Our client's OPT employer from over a decade ago, Findream LLC, was later exposed as part of a massive federal visa fraud scheme. When he applied for a new employment authorization document, USCIS issued a Request for Evidence (RFE) demanding he prove that decade-old employment had actually happened — on a fixed, non-extendable deadline. We built the record, met the deadline, and won approval. Here's the case, and what it means for the many other F-1 students carrying the same exposure on their SEVIS records.

The Case

Our client earned a master's degree in computer science from a Midwestern university and was approved for post-completion OPT in 2014. That September, he began an internship-based role with Findream LLC, reporting the employment to his Designated School Official as required, before later moving on to full-time employment elsewhere and continuing to build his career through a STEM OPT extension. In 2019, Findream's owner pleaded guilty in federal court to conspiracy to commit visa fraud, admitting she had sold fabricated employment records to thousands of F-1 students. Our client had no part in and no knowledge of that fraud.

More than a decade later, in June 2025, he filed a new Form I-765. USCIS reviewed his SEVIS history, flagged the Findream connection, and in August 2025, issued a Request for Evidence: to prove that the decade-old employment had actually happened. He had just 87 days to respond, on a deadline the regulations do not allow USCIS to extend. A standard employer letter would carry no weight, since the employer itself had already been proven fraudulent in federal court, and the stakes went well beyond the pending application — a finding that his original OPT rested on fabricated employment could have unraveled his entire immigration history since. Facing that deadline, he sought out the Law Offices of Sabrina Li after learning of the firm's track record securing approvals for numerous other F-1 students accused of OPT fraud.
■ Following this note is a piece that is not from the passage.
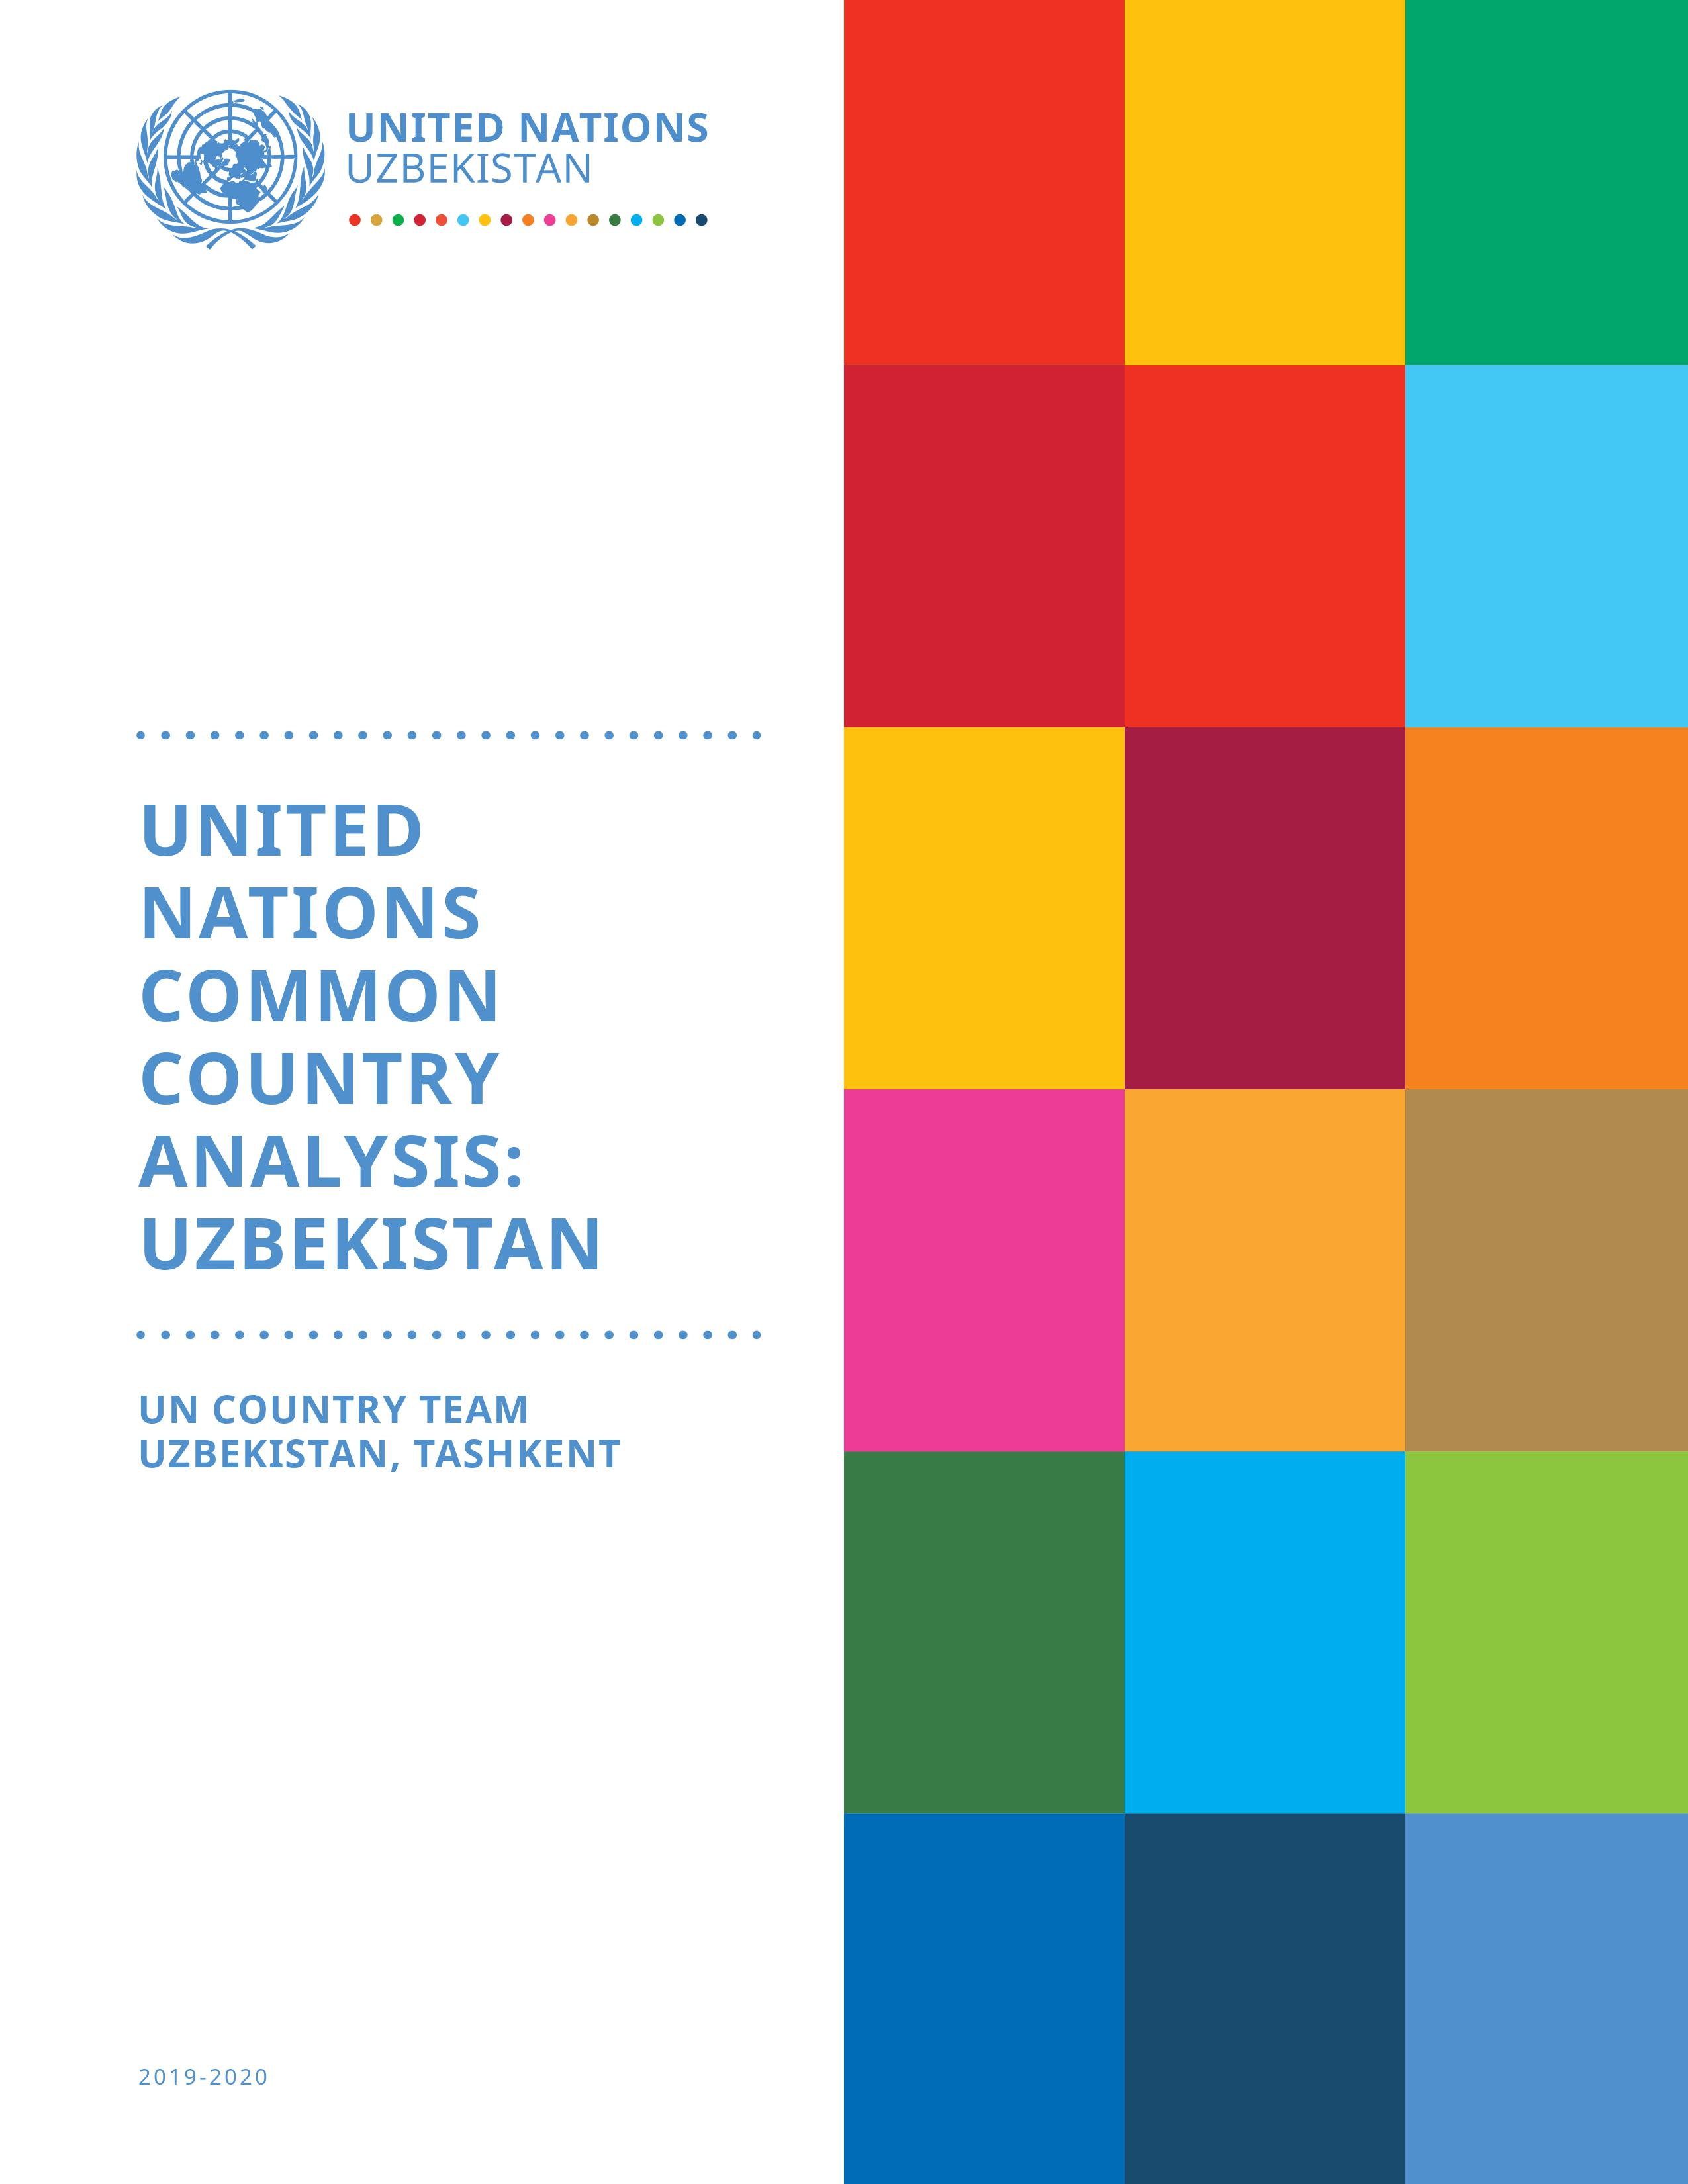 United Nations Common Country Analysis: Uzbekistan

We built and filed a response addressing every concern USCIS raised in November 2025. Seven months later, in June 2026, USCIS approved the application, issuing a new EAD and closing out a connection that had clouded our client’s record for over a decade.  

A Fraud That Outlived the Company

Findream is not an isolated case. Federal investigators and outside researchers have identified a whole category of similarly structured “pay-to-stay” employers that followed the same template: advertise OPT compliance and job placement to international students, collect a fee, and issue paperwork for work that was thin or nonexistent. USCIS continues to work backward through SEVIS records tied to these companies years after they shut down — and new entities following the same pattern keep surfacing.

Companies identified in the original wave of investigations :

  • Findream LLC
  • Sinocontech LLC
  • ARECY, LLC
  • AZTech Technologies LLC
  • Andwill LLC
  • Integra Technologies LLC
  • Tellon Trading, Inc.
  • WireClass
  • XCG Design
  • CloudParticle
  • Dealfar
  • Smoothies Technology
  • Masswell Development Group
  • CG Max Design  
  • Global IT Experts
  • APEX IT Systems

More recently identified entities following the same pattern:

  • Dream Chase Technology
  • DASH Technologies, Inc. (Ohio)
  • Apex Limited Group (San Antonio, TX)
  • Machine Intelligence Technologies, LLC

This list is not exhaustive, and USCIS continues to identify additional entities fitting the same pattern.

The Crackdown Is Intensifying, Not Winding Down

This is not a closed chapter from 2019. On May 12, 2026, Acting ICE Director Todd Lyons announced that Homeland Security Investigations had identified more than 10,000 F-1 students connected to “highly suspect employers” — a figure drawn just from the top 25 OPT-employing companies, which officials called only “the tip of the iceberg.” Investigators conducted site visits across eight states, including Texas, Georgia, Illinois, New York, New Jersey, North Carolina, Virginia, and Florida, and reported finding empty buildings, locked doors, addresses with no actual lease, and what officials termed “phantom employees” — students authorized to work who never appeared at the businesses listed as their employers. In one case officials described, a company that claimed to employ only a handful of workers was linked to more than 500 OPT students in federal records.

Officials have said additional enforcement actions are forthcoming. For F-1 students, the practical takeaway is the same one this case illustrates: a SEVIS employer connection does not need to be part of a decade-old prosecution to become a problem. New enforcement sweeps are actively expanding the universe of employers under scrutiny right now, and a record that looks fine today can be flagged tomorrow.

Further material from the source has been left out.